--- START ---

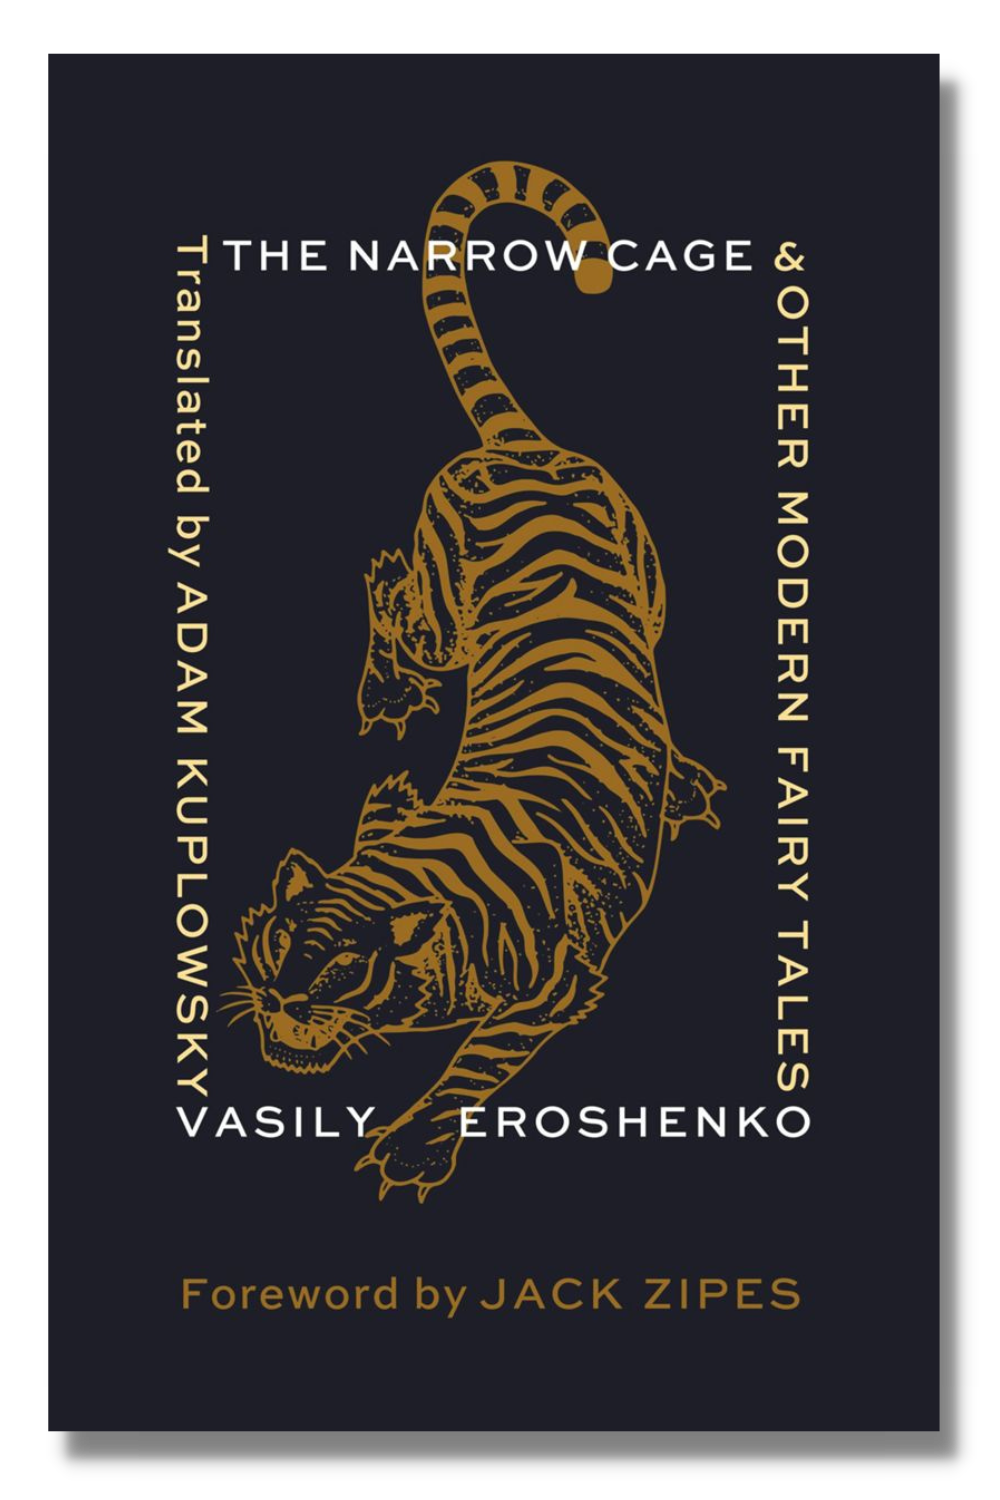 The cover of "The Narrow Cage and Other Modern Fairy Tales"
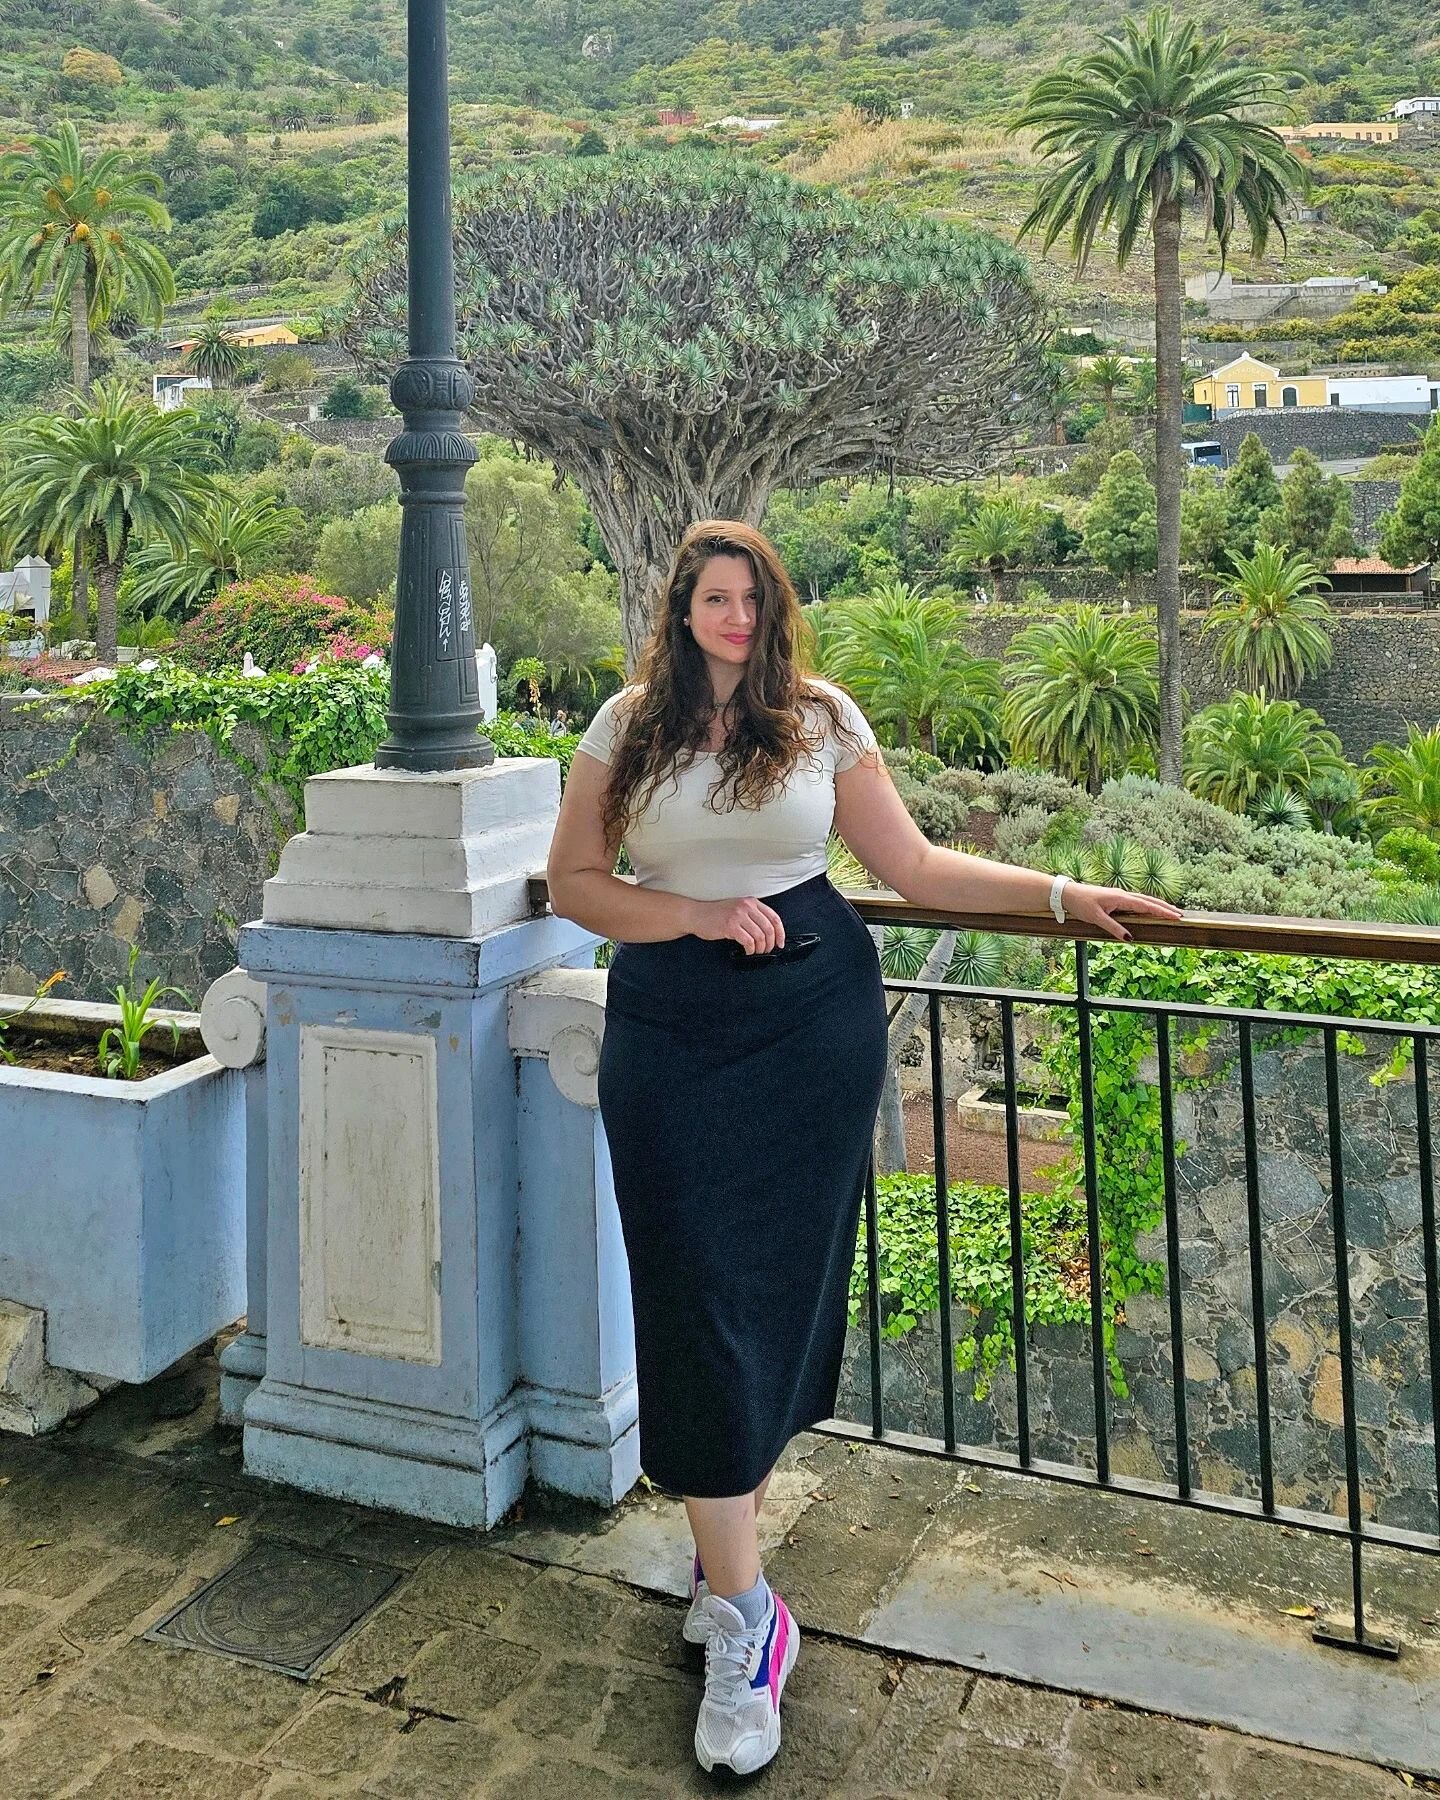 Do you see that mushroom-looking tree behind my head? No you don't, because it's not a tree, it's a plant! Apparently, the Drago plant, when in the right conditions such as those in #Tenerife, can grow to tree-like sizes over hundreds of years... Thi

--- END ---
--- START ---

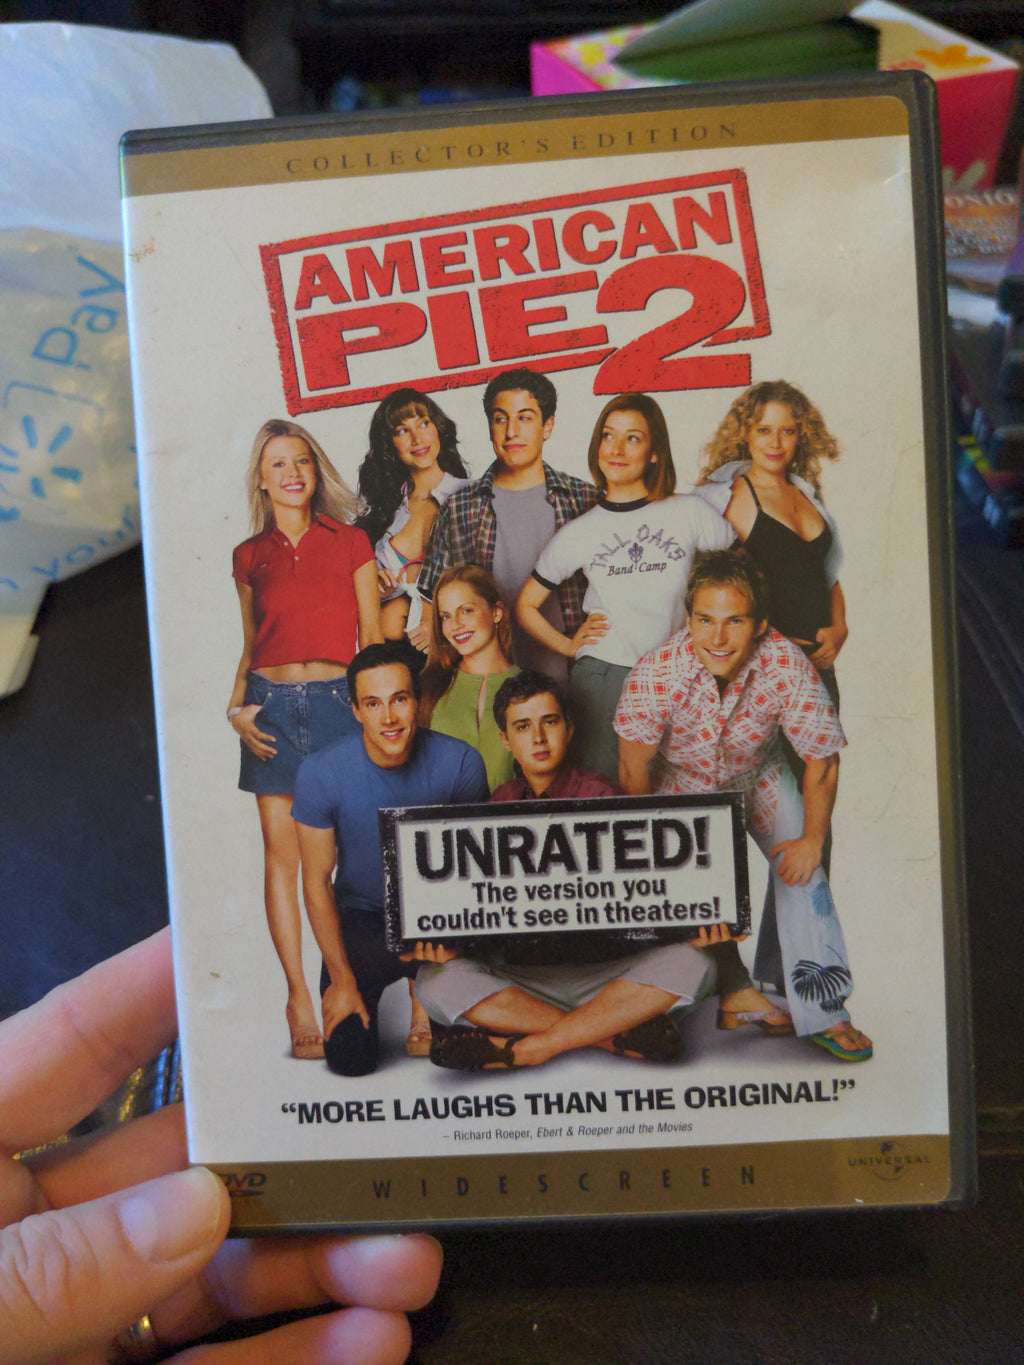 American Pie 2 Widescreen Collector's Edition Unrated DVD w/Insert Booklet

--- END ---

--- Instructions for the task ---
In the listing above, find the line with "The cover of" and the line with "Do you see that". Transcribe those two and everything between, exactly, leaving out pictures.

--- Solution for this exercise ---
 The cover of "The Narrow Cage and Other Modern Fairy Tales"
 Do you see that mushroom-looking tree behind my head? No you don't, because it's not a tree, it's a plant! Apparently, the Drago plant, when in the right conditions such as those in #Tenerife, can grow to tree-like sizes over hundreds of years... Thi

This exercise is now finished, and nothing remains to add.